Comment Re:its all about selling Autoloaders (Score 2) 284

The T10kd which came out over a year ago, puts 8.5TB uncompressed on a tape (reusing the previous generation's media no less). So, basically the vendors are holding LTO back for unspecified reasons, probably in a vain attempt to recoup the last generations investment, or maybe to boost sales of their "enterprise" drives (T10kd, 3592).

Comment Re: GM will have a model come out. (Score 1) 293

Hydrogen can be produced from the electrolysis of water

And it hideously inefficient, generally less than 50%, although HTE can apparently get as high as 64%

https://en.wikipedia.org/wiki/...

And that is just one step in the chain, now you need to catalyze or pressurize it, transport it, etc.

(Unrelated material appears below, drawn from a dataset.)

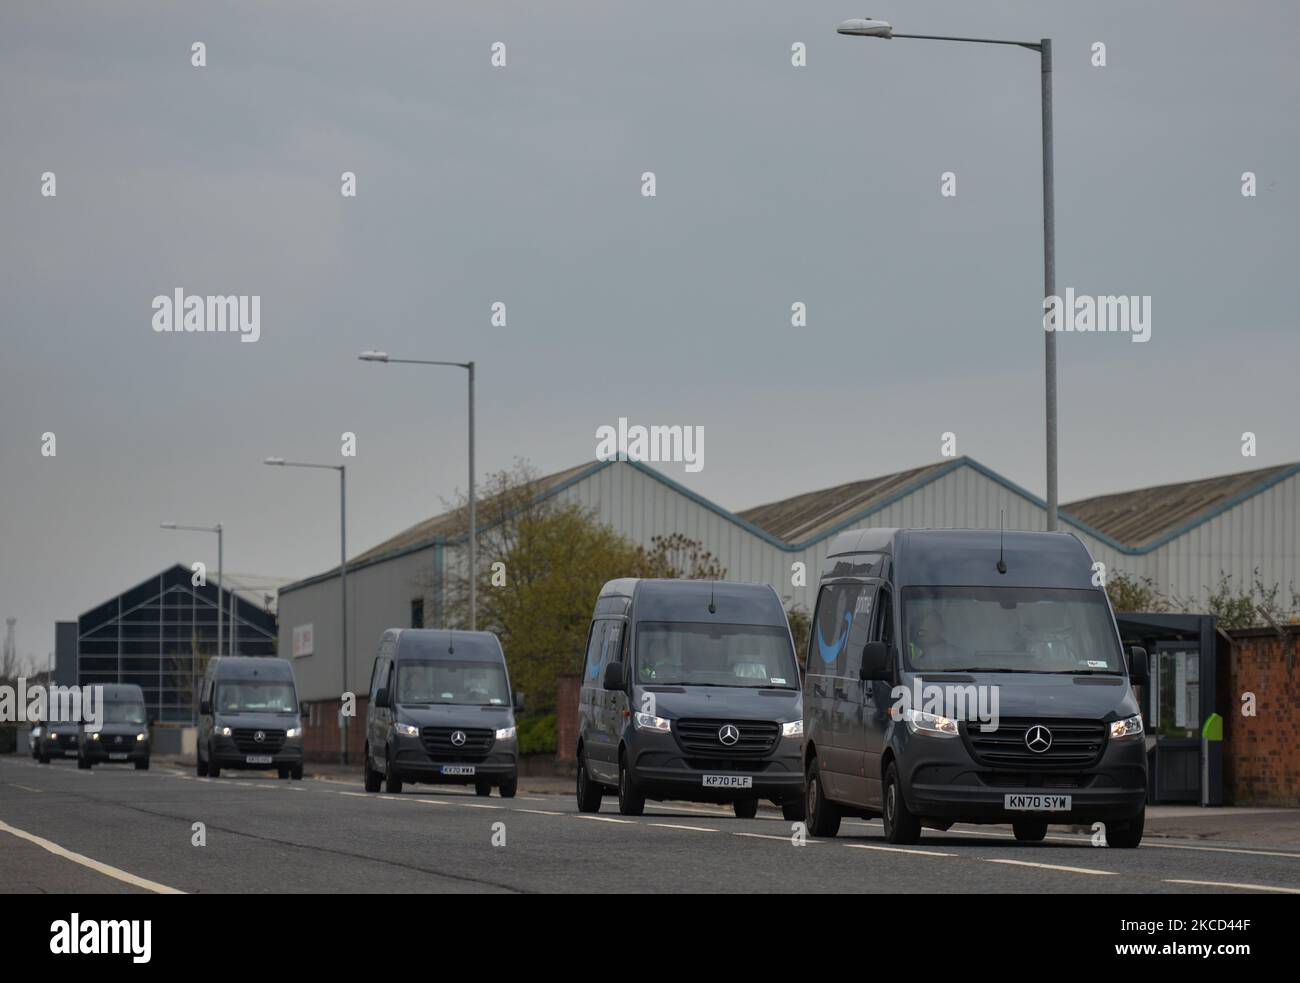 A line of Amazon Prime vans seen in the Titanic Quarter in Belfast. Packages are shipped to the delivery station from Amazon fulfillment and sorting centers and loaded onto vehicles for delivery to Amazon customers in the Belfast area. On Tuesday, April 20, 2021, in Belfast, Northern Ireland. (Photo by Artur Widak/NurPhoto) Stock Photo

Comment Re:So what's Metro? (Score 1) 545

? Are you trying to tell me that GDI wasn't directly accelerated in pre vista, non win9x OSs?

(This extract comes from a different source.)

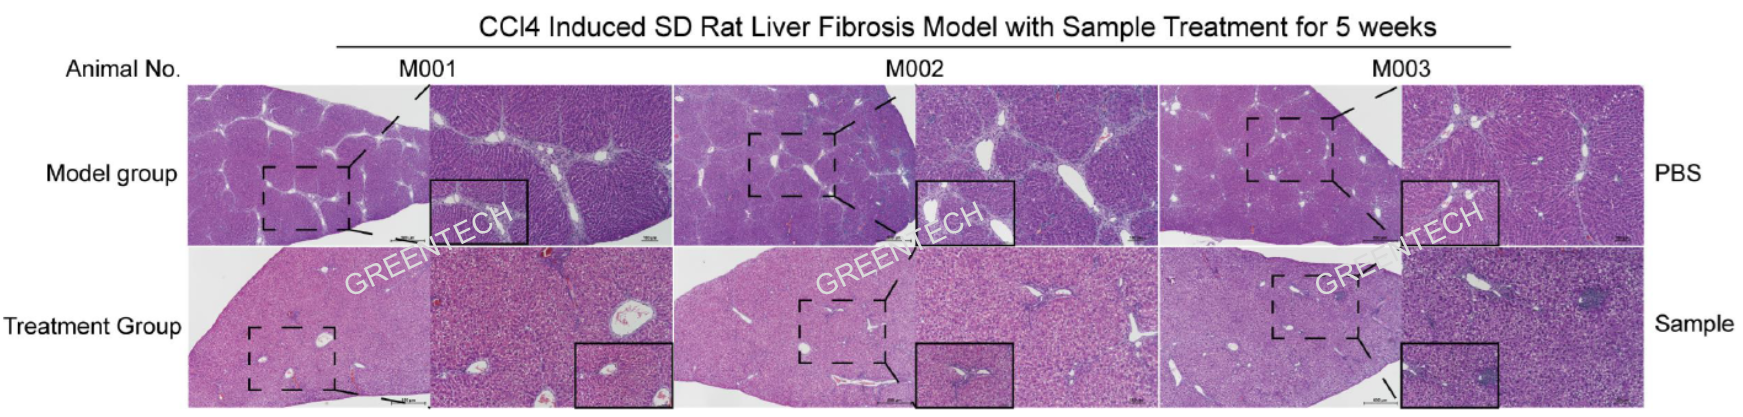 Liver histopathology of liver fibrosis model induced by CCl4 injection for 6 weeks.png

Because I believe you to be strongly mistaken. From the windows 2000 XDDM reference, GDI functions Implemented by printer and display drivers:

http://msdn.microsoft.com/en-u...

You will notice that everything from font rendering to curve drawing, path filling (yes with xor), you name it _CAN_ be implemented although only a small subset is required. _BUT_, I would say that most were implemented by the better hardware manufactures for the common video resolutions.

You will also notice that the documentation has been updated and says "The functions documented in this section are implemented by printer drivers and by drivers in the Windows 2000 display driver model, but they are not implemented by drivers in the Windows Vista display driver model." This is also directly noticeable in GDI benchmarks between the two OS's (especially when run on slower CPU machines, or while monitoring CPU usage). There are also a fair number of youtube ( for example https://www.youtube.com/watch?...) videos of people showing things like the scrolling speeds in explorer on XP vs vista. 7 improved the situation slightly, but as of a few years ago the benchmarks I remember seeing were still strongly tilted in XP's favor if one monitors CPU usage during the benchmark.

Comment Re:So what's Metro? (Score 1) 545

Standard desktop apps were accelerated on OS's that predate windows vista. In fact GDI was hardware accelerated all they way back to the window 3.0 days.

This is actually one of the reasons that older windows releases often feel snappier, since probably >50% of windows applications are using GDI or a toolkit that uses GDI.